The AP's Nedra Pickler spells out Obama's keys to victory -- in Iowa (where his organization is cranking) and his nation-wide hope that "hundreds of thousands of new voters fired up enough to actually turn out." This sounds so simple: "1. Keep Clinton's support down. . . . 2. Keep Edwards from surging ahead. . . . 3. Continue building Obama's support among both traditional and nontraditional voters." Pickler writes, "The campaign is trying to drum up supporters who are often overlooked in politics, with much of the effort geared toward blacks and young people even high school seniors."
Lest we all forget, nobody's voted yet. The Boston Globe's Scot Lehigh catches up with a few former candidates who aren't ready to hand the nomination to Clinton. Gary Hart: "Voters have a very strange way of not listening to the pundits." John Kerry: "Crunch time really won't come until the last six weeks or so." Lehigh writes: "The bet here is that the Democratic campaign will become a real contest, and not an easy coronation -- no matter how much the Clinton camp might wish otherwise."
Now that the Republicans are done counting their money, we know that former mayor Rudolph Giuliani, R-N.Y., takes the GOP prize for the quarter (and was the last to report his numbers, to secure a victory lap).

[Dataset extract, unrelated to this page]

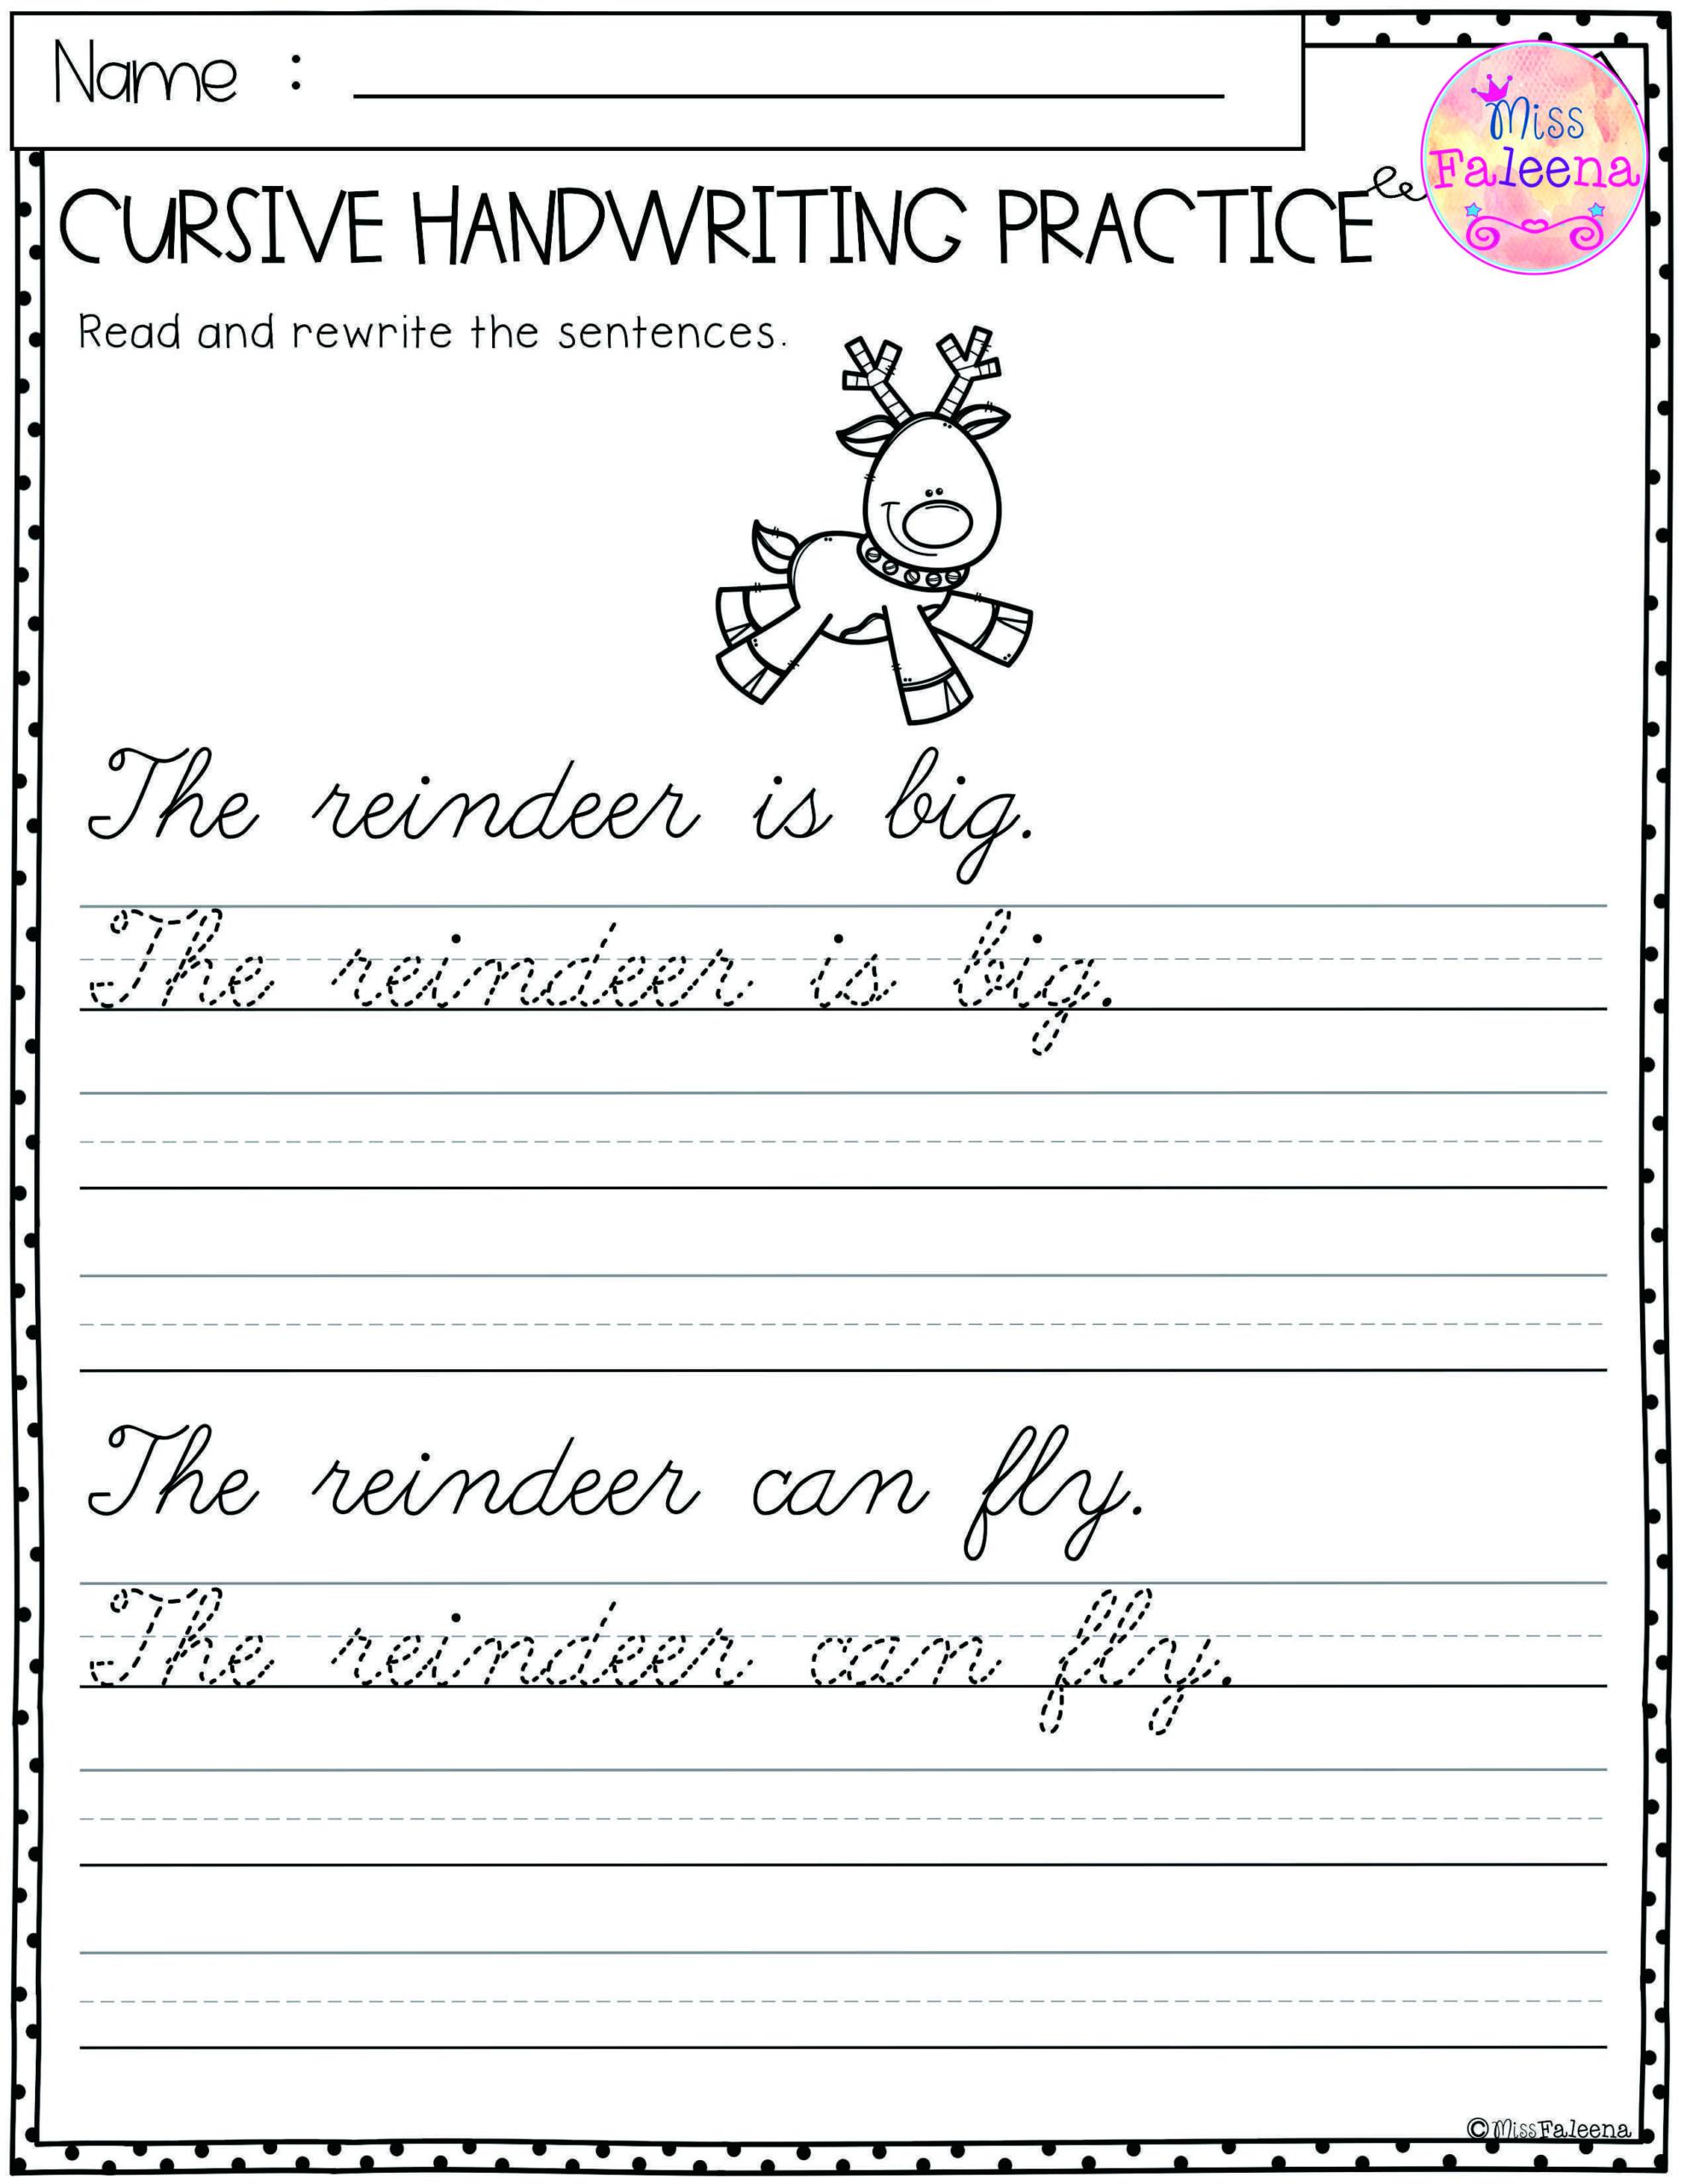 Christmas Cursive Handwriting Practice | Cursive Handwriting

But does this seem a little like winning the Eastern Conference when you're just getting swept by the best of the West? "He raised $11 million for his presidential bid over the past three months, edging out his closest Republican competitor in the money chase but still posting a total that was half that of the leading Democratic candidates," Matthew Mosk writes in The Washington Post.
"Overall, Republican presidential candidates trailed Democrats in fundraising by nearly $100 million -- a gap that is unprecedented in 30 years," Mosk continues. GOP strategist Ed Rollins: "The Democrats, they're out there, they're hungry. We just got fat, dumb, and happy."
Other key GOP figures: $10 million last quarter for former governor Mitt Romney, R-Mass.; $9.3 million for former senator Fred Thompson, R-Tenn., in his first quarter in the race; and $6 million (still with just $3.6 million cash on hand) for Sen. John McCain, R-Ariz.
But the biggest story could be the extent to which Romney is leaning on his personal fortune. His money is just as green, but what happened to the unstoppable fundraising operation he constructed early this year? Romney has now lent his campaign $17.4 million so far this year, including $8.5 million last quarter; he has only $9 million in cash on hand. "Mr. Romney has been raising more money than he has lent himself, a sign that his bid is more than a vanity campaign. Still, Mr. Romney continues to lag in most national polls," writes The Wall Street Journal's Mary Jacoby.
The American Spectator's Jennifer Rubin picks up on the Romney burn rate. "First, had Romney not dumped $8.5M of his own money in he'd have been left with $500,000 -- one tenth of Ron Paul's cash on hand. Second, Romney folks will argue so what? They still get to buy ads and they still have that money to fund a multi-state effort," Rubin writes. "Finally, Republicans should be scared. Hillary added 100,000 donors this Quarter and Romney 23,000."